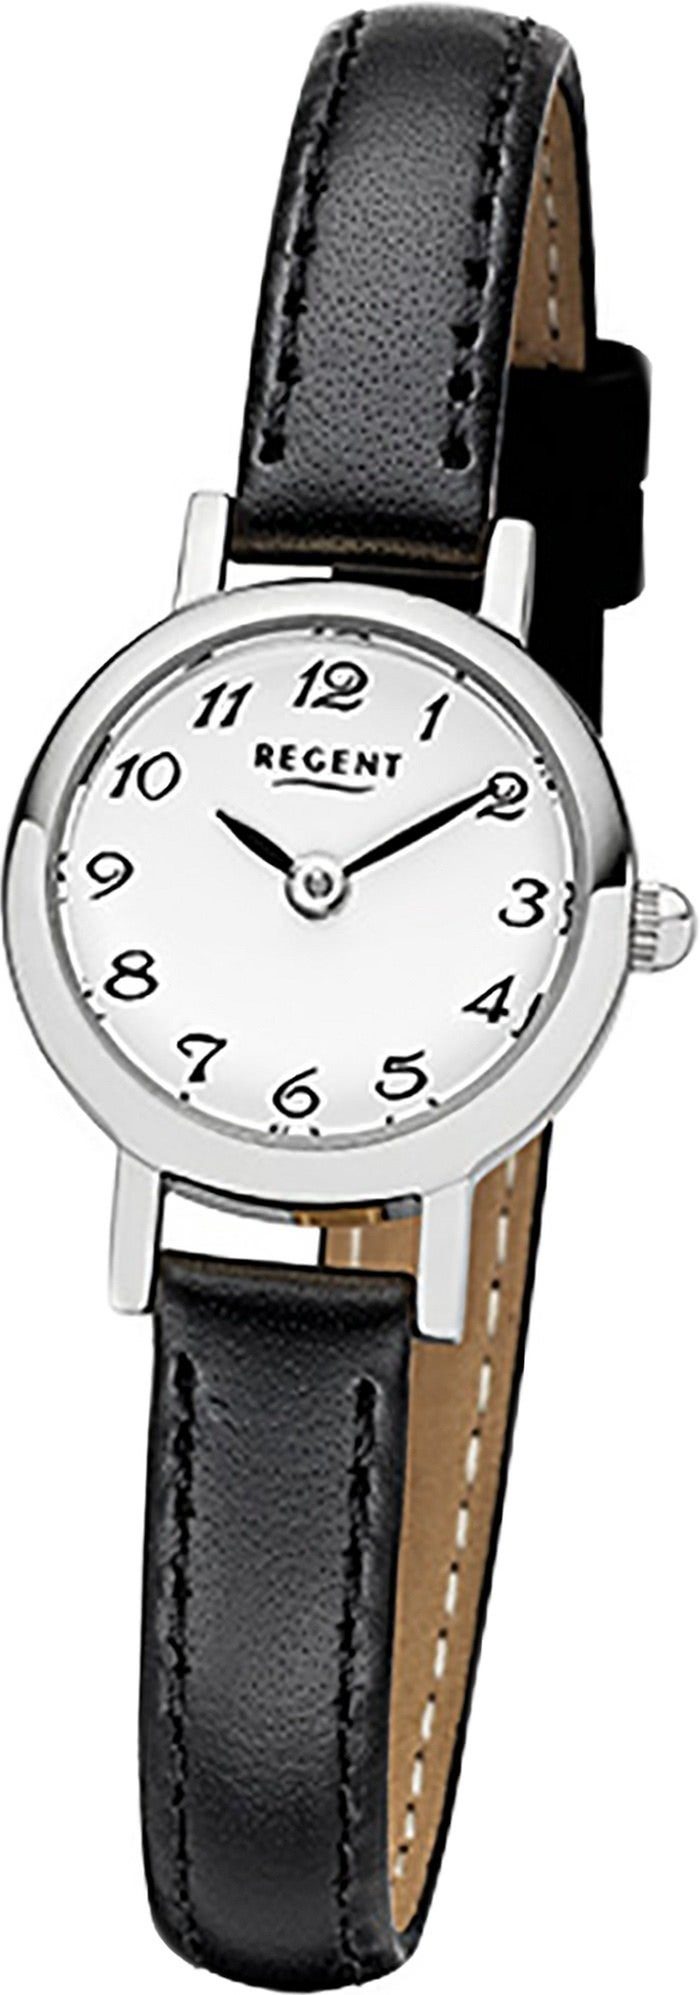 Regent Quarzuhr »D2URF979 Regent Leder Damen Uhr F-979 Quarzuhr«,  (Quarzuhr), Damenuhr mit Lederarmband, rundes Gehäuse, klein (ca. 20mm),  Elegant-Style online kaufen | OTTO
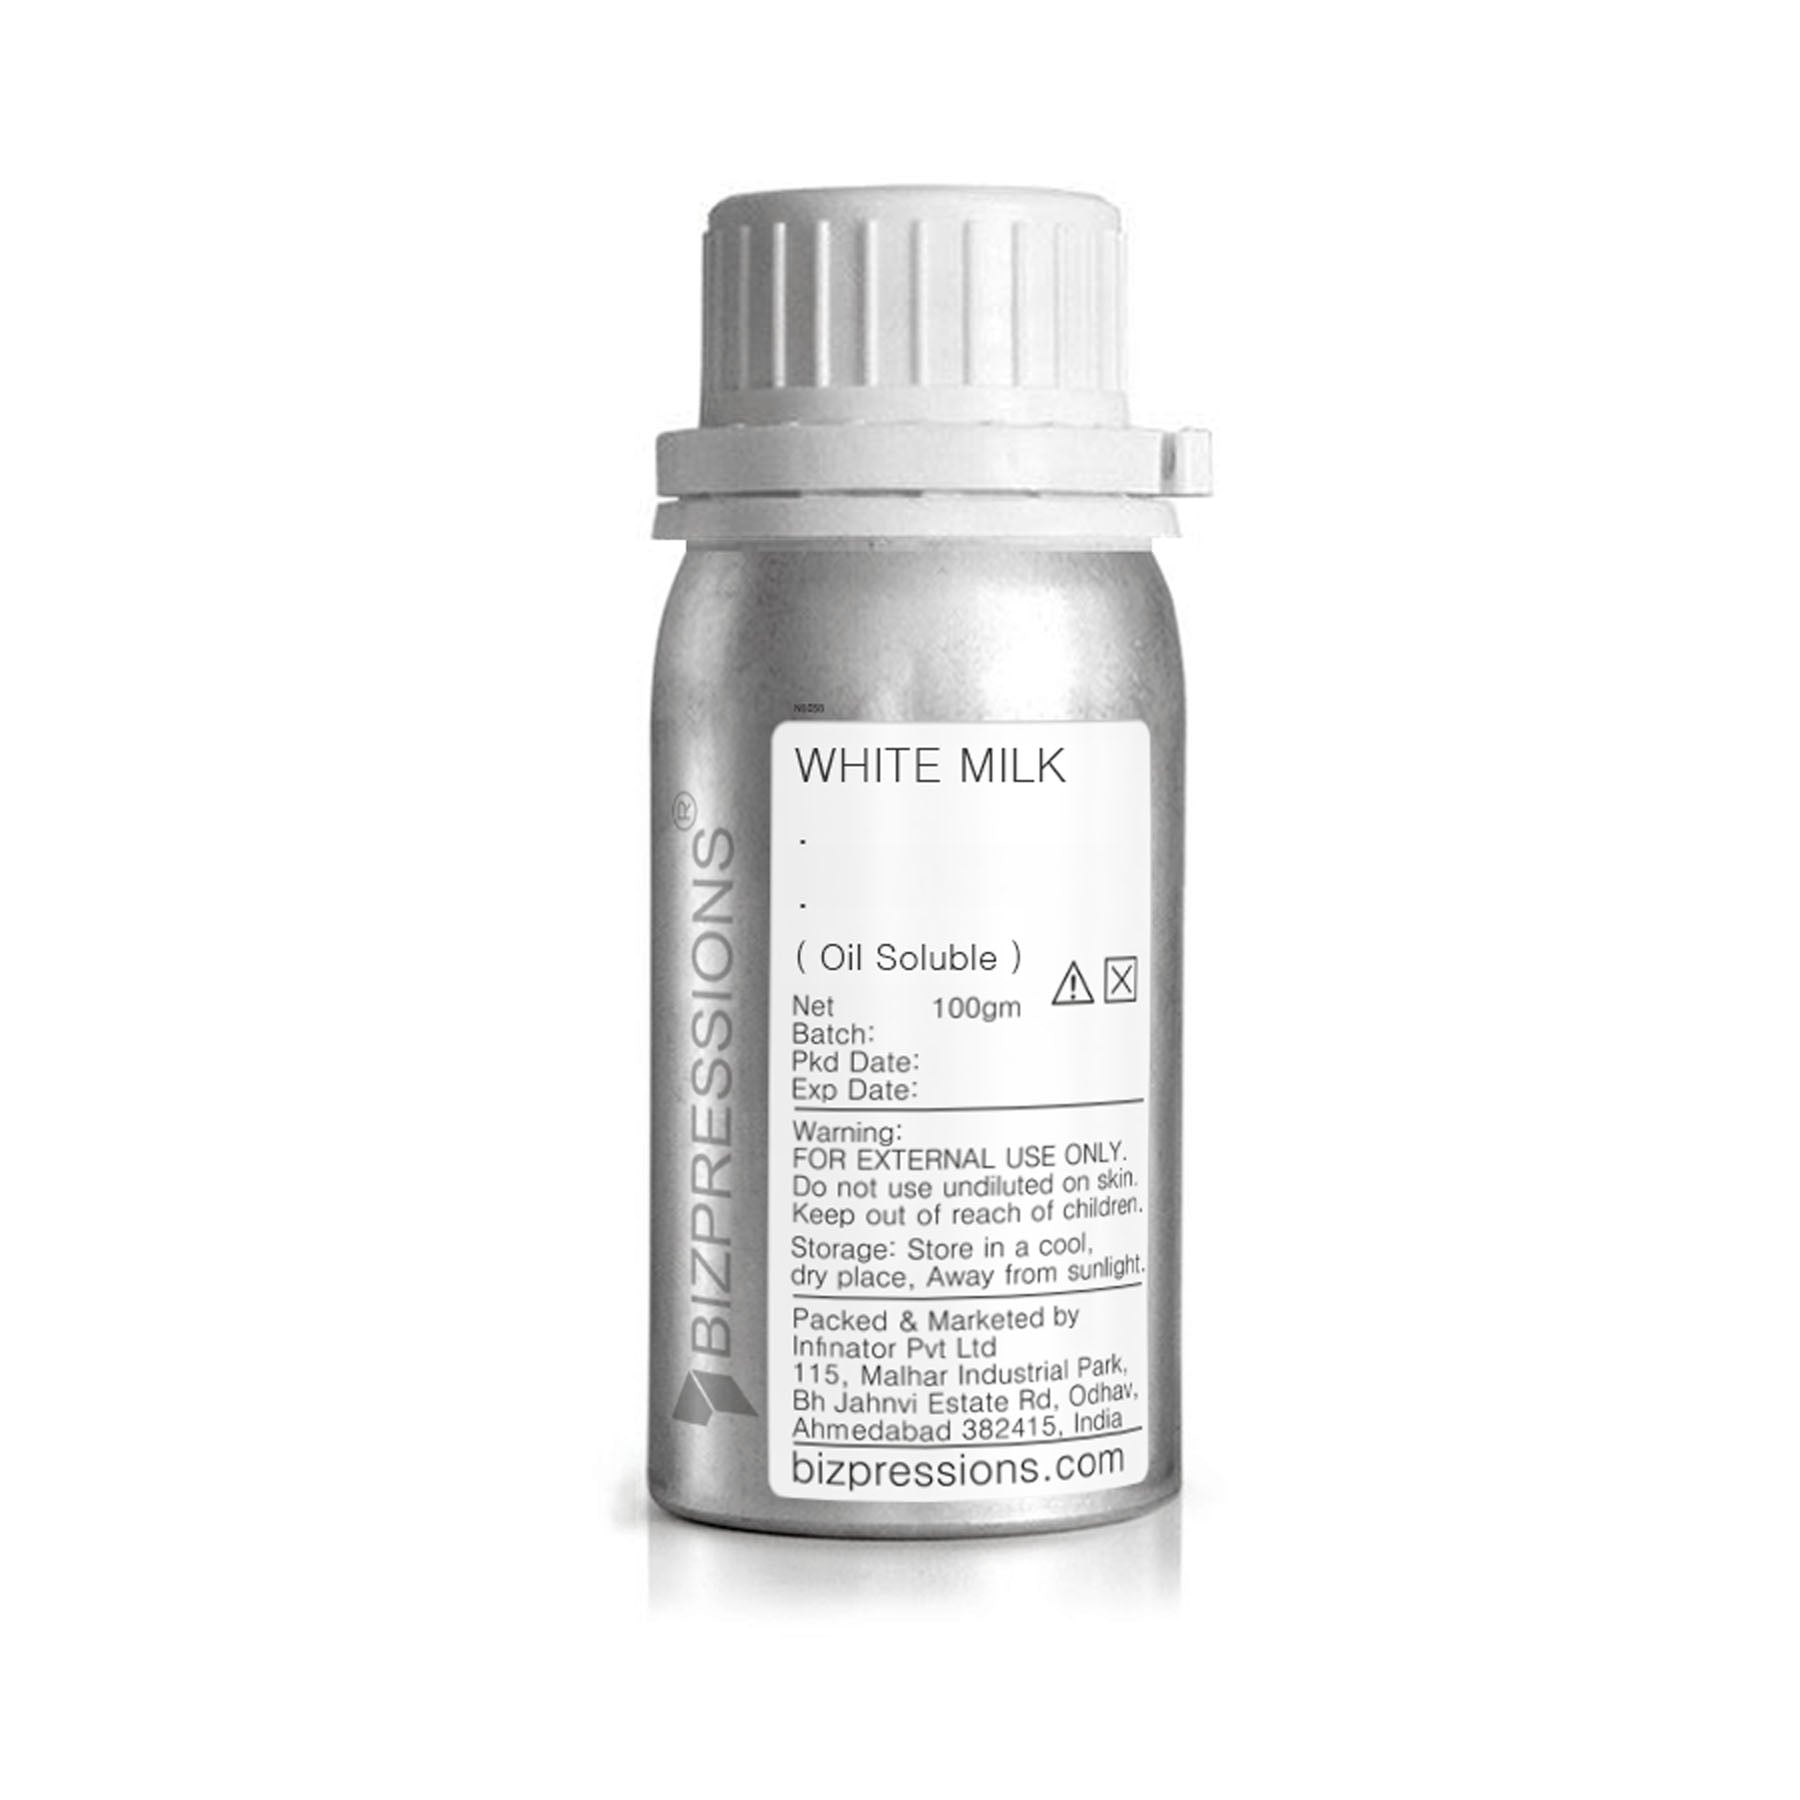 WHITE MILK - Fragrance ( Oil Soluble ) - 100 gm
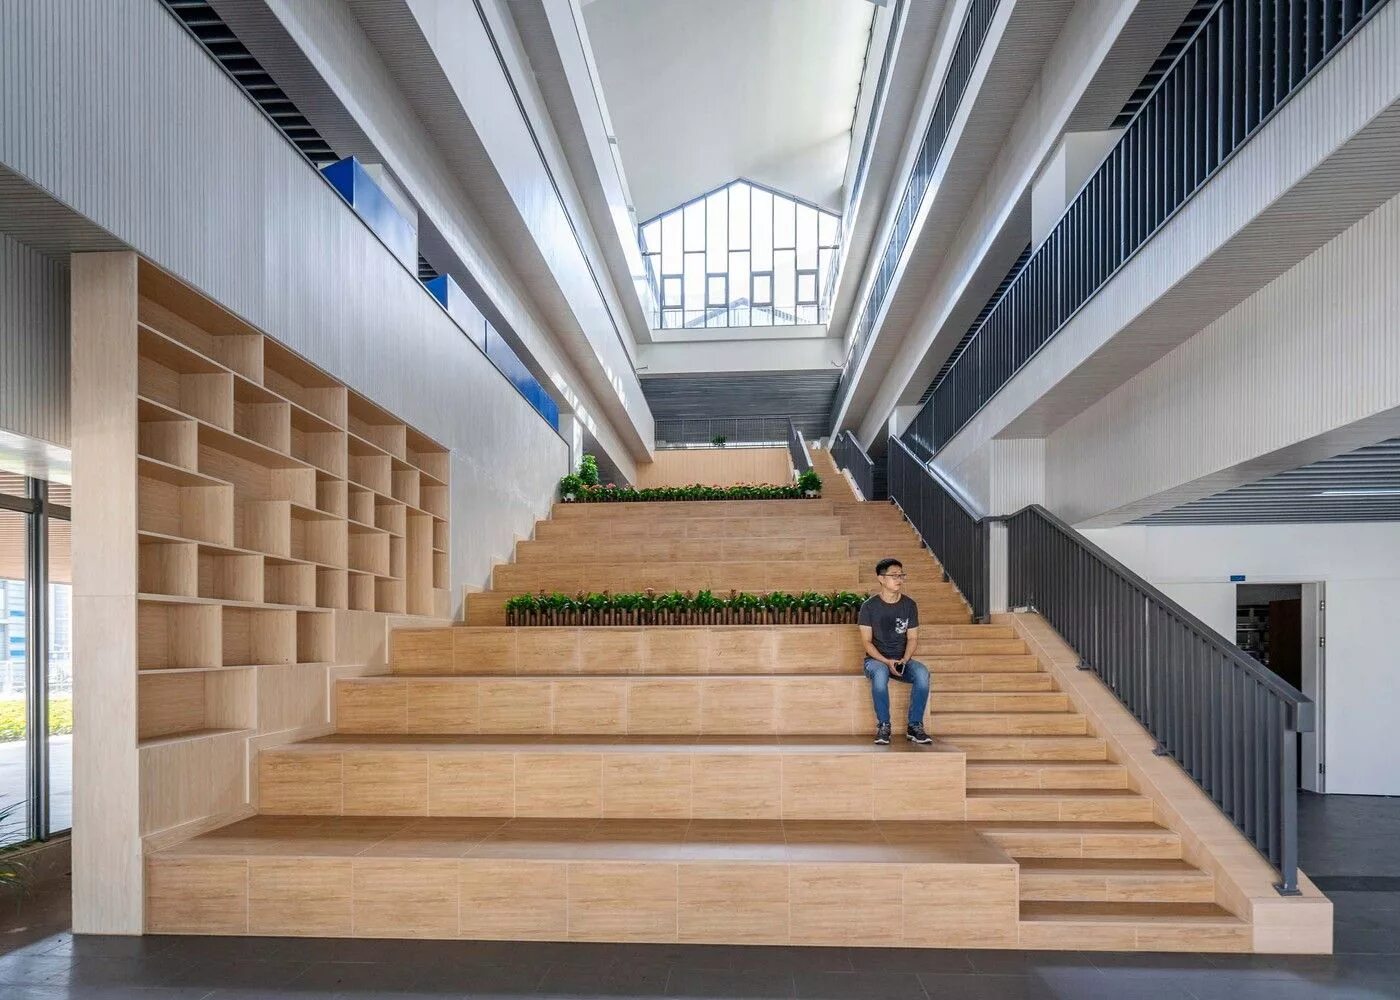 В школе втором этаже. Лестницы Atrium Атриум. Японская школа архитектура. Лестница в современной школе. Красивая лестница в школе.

_YOUR GOAL:_
Word for word, retype the lines from the one with "WHITE MILK - Fragrance" through the final line of the data, both included. No pictures belong in the copy.

_ANSWER TO THIS EXERCISE:_
 WHITE MILK - Fragrance ( Oil Soluble ) - 100 gm
 В школе втором этаже. Лестницы Atrium Атриум. Японская школа архитектура. Лестница в современной школе. Красивая лестница в школе.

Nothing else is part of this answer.